The first nine holes, designed by David L. Rees, opened in 1929. The original course included the current versions of the 15th through 18th holes and finished with three par 3s, the last of which played away from the clubhouse. In 1935, John Van Kleek designed nine new holes and redesigned the original nine. A major addition, the restaurant area, was added to the clubhouse as well. In 1964 Frank Duane remodeled four holes.

In the 1960s work began on the Richmond Parkway, now known as Korean War Veterans Parkway, which was planned by Robert Moses (1888-1981) based on proposals drawn up in the 1930s. Moses, who was New York City's Parks Commissioner from 1934 till 1960, had a master plan for a network of parkways throughout New York City. His plan for Staten Island was to ring the island with roadways and to crisscross the borough with Richmond Parkway and the Willowbrook Expressway, now named in honor of the Rev. Dr. Martin Luther King Jr. In 1970, New York State approved routing of the roadways through Staten Island's green space. The State rejected alternatives proposed by the City because they would require the taking of more than 200 homes. Maps of the proposed roadways show a break-up of La Tourette Golf Course.

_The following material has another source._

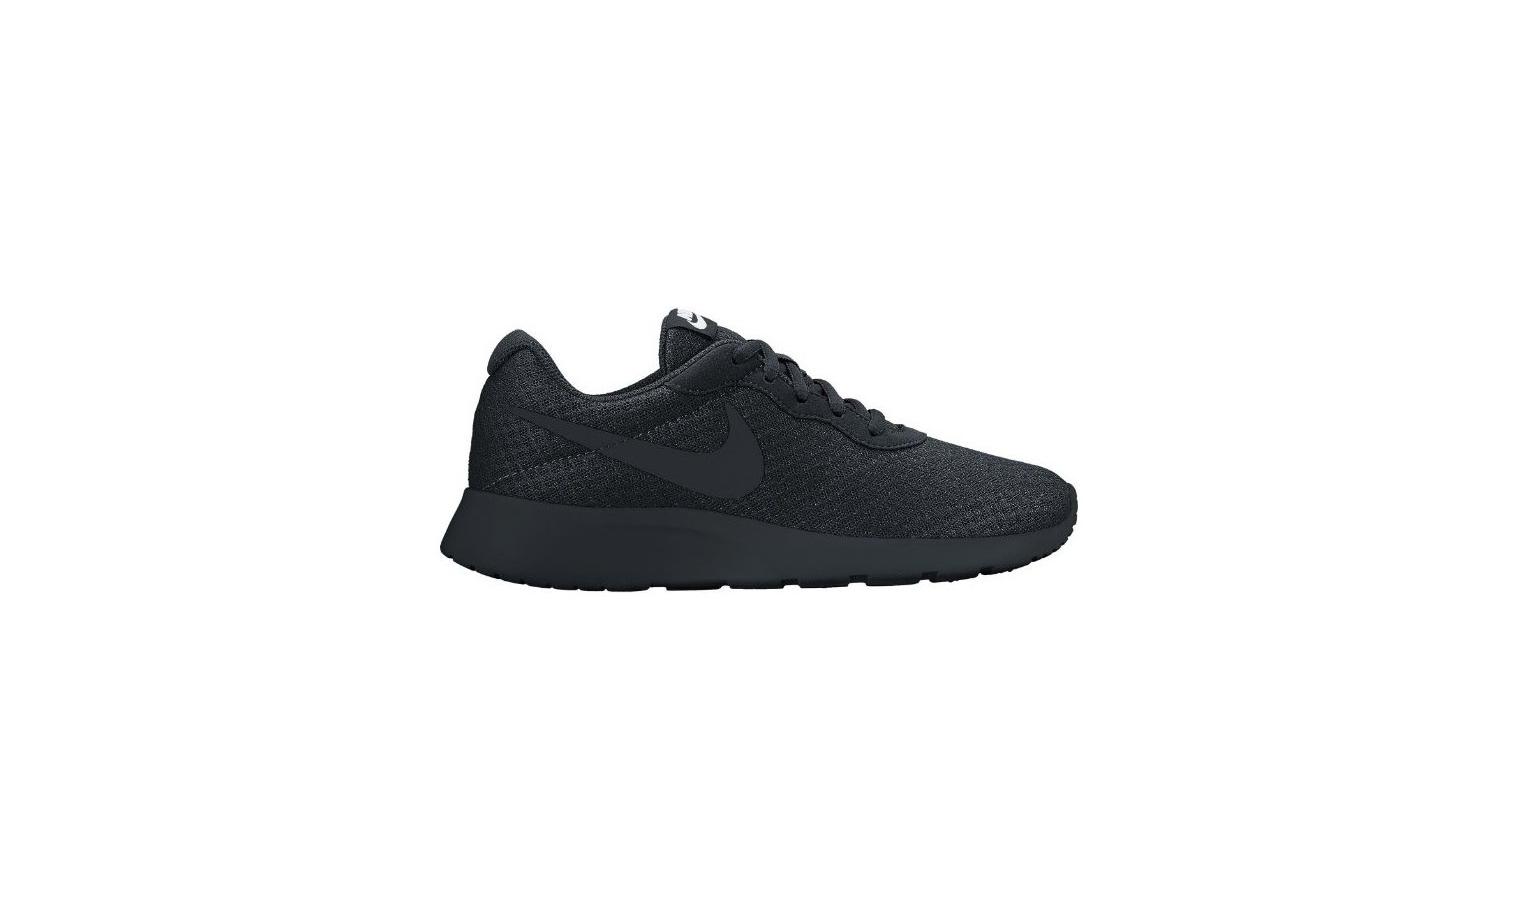 Dámské boty Nike TANJUN SHOE černé   AD Sport.cz
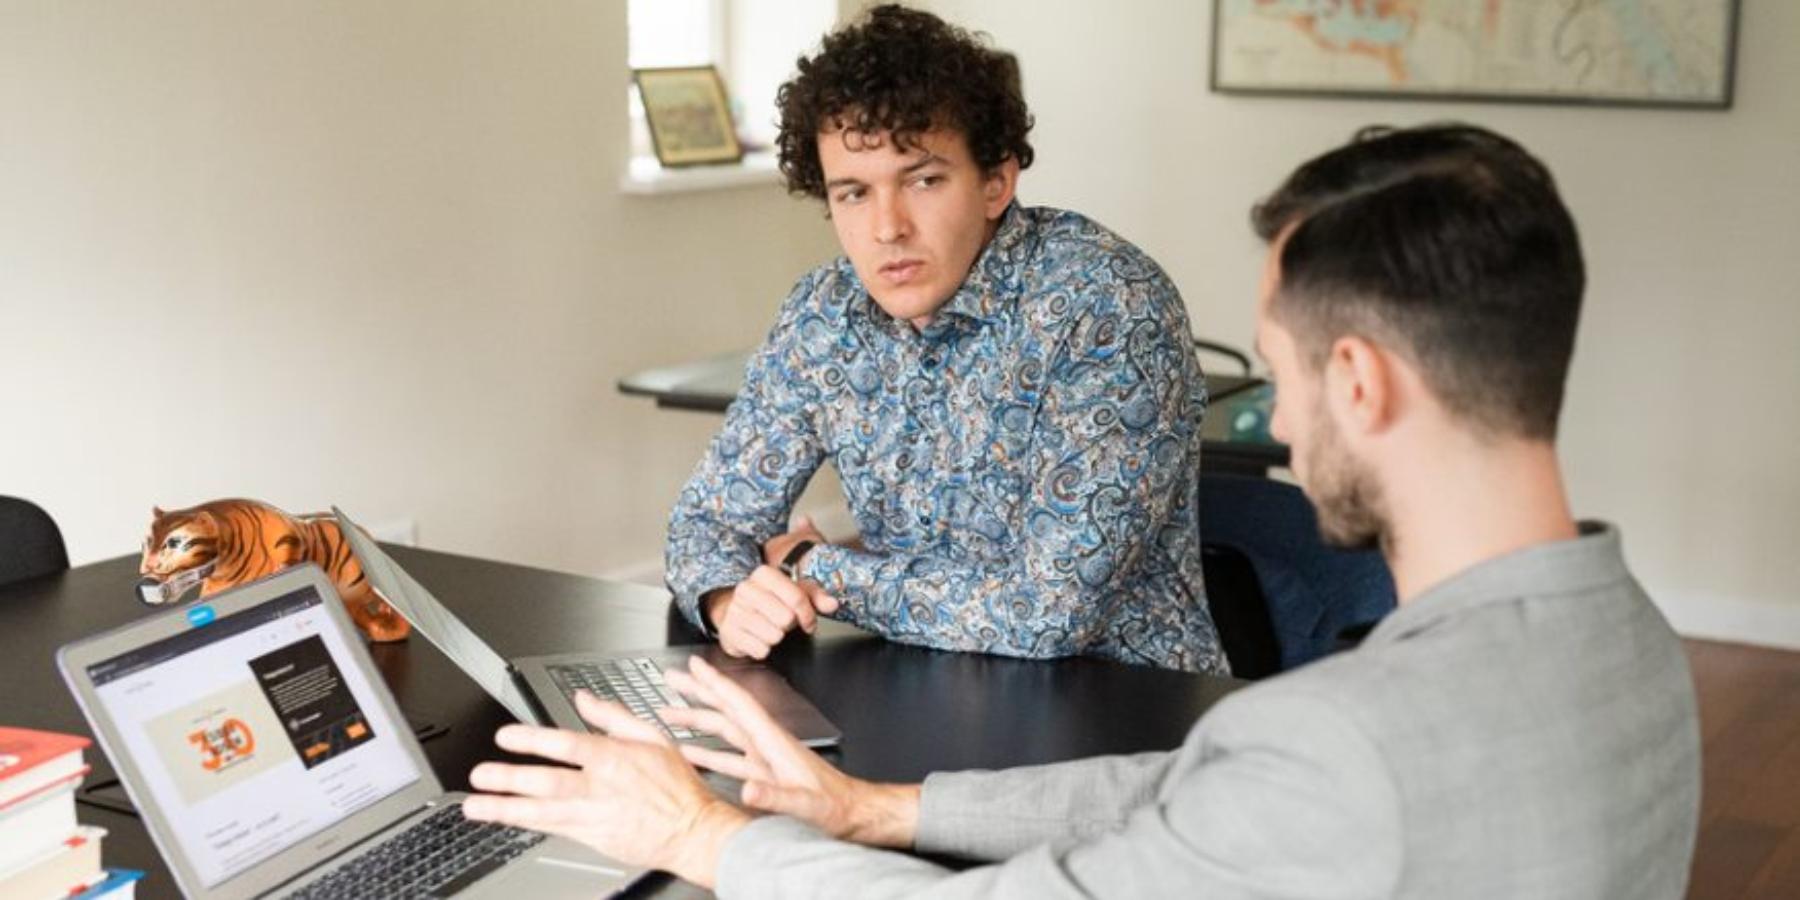 Obudowaniu dochodowej agencji interaktywnej. Franciszek Georgiew [AMA]

Richmond Parkway would have run up the 4th fairway with an interchange at Richmond Hill Road near the 5th and 11th tees. The road would have continued across the 13th and 14th holes and a large interchange with the Willowbrook Expressway was to be built beyond the 16th green and 17th tee. In the 1800s, Staten Islander and great landscape architect Frederick Law Olmsted envisioned miles of parkland covering the central rugged portions of the island. In the 1970s islanders agreed with Olmsted and the building of the roadways through the middle of the island were canceled after community opposition; the Parkway and the Expressway were completed to their current configuration.

Jim Albus, a multiple winner on the PGA Tour Champions, was La Tourette's head professional from 1969 till 1980. Albus is a winner of the prestigious Metropolitan Open and the Senior Players Championship. He is a member of the PGA Metropolitan Section Hall of Fame.

==Course description==
La Tourette has medium size greens, some of which have multiple plateaus (1, 3, 6, 16, 17) and others with unique mounding (4-original, 5, 7, 8, 12, 13, 15). One of the more difficult par 4s is the 5th hole with trees hanging over the right side of the green and a large mound separating the green in two. Holes 4, 6, 10, 12, 13, 15 and 18 play uphill to the green. For the most part, the golf course is right in front of you with few if any blind shots. For years La Tourette had the unique feature of two practice putting greens, one for flat putts and one for breaking putts. Today the two greens are mowed as one big practice green.

Since its last major update in 1964, the golf course has seen some minor changes to improve course maintenance and increase speed of play. A fairway bunker short and right of the 1st green was removed. In the 1970s the 3rd green was extended in the back right and the progression of lengthening the hole some 35 yards began. On the 4th hole a large bunker in the middle of the fairway was removed and a second green was built to the right of the original green when a bike path was built along Forest Hill Road. The size of the putting surfaces of the 7th and 12th greens were reduced which eliminated some of the unique putting contours of the original design. In the 1970s the back tee was cleared so the 8th hole could play over the lake and the left fairway bunkers, that were out of play near the 9th hole, were removed. Out of play bunkers to the left of the 11th fairway, protecting Forest Hill Road, had been abandoned and neglected for years but were restored to protect the new bike path.